Following the murder of Lord Frederick there were a number of memorials proposed to him; the proposal for a pillar or obelisk at Bolton Abbey was first made in September 1882 by electors of the Northern West Riding of Yorkshire parliamentary constituency (for whom Cavendish had been an MP since 1865). The proposal was led by William Foster, owner of the Black Dyke Mills, but he died before the proposal came to fruition. A committee, chaired by Angus Holden was formed to take the idea forward and £2,000 was raised in donations.

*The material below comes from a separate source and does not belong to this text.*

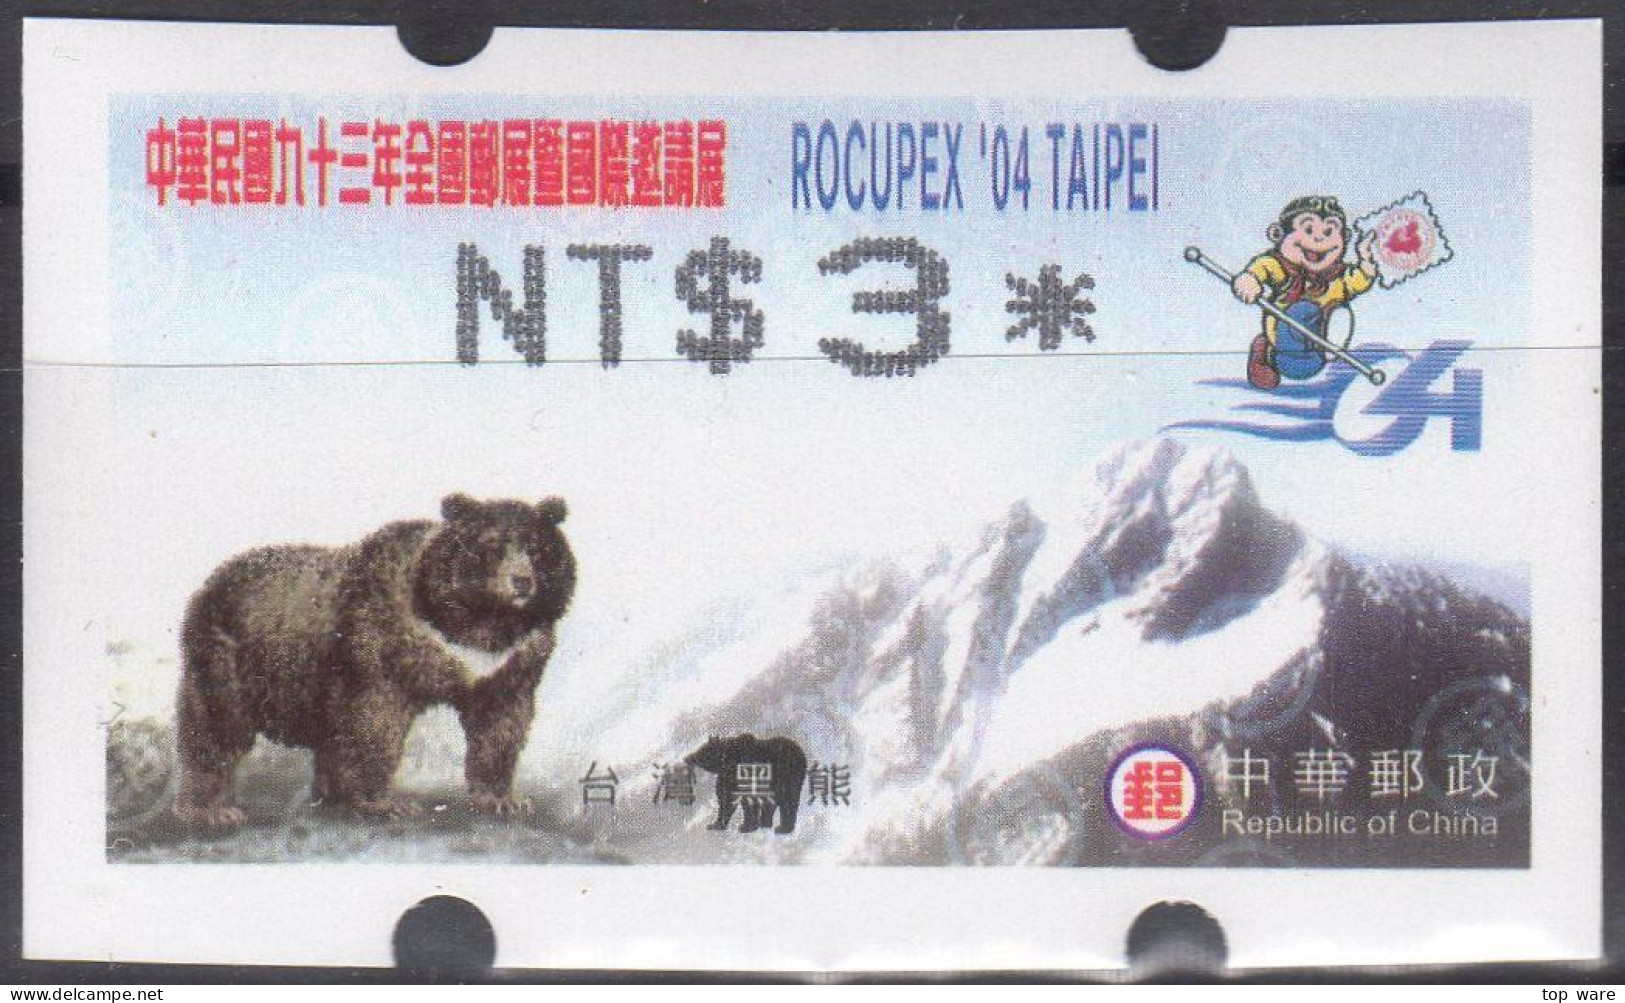 2004 Automatenmarken China Taiwan ROCUPEX 04 TAIPEI Bear MiNr.6.2 Black ATM NT$3 MNH Variosyst Kiosk Etiquetas - Automatenmarken

Bids for a memorial were sought and the chosen bid was one designed by Manchester architects Thomas Worthington and John Garrard Elgood. The design was for a tall crenellated tower to be sited on South Nab, a promontory overlooking the River Wharfe (). In 1884, the Duke of Devonshire (Lord Frederick's father) notified the committee that objections to the planned tower had been received and that it "would be detrimental to the landscape of the district and mar the beauty of the outline". On the basis of this and also the Duke's own opinion about the unsuitability of the design and location, the committee resolved to find another solution.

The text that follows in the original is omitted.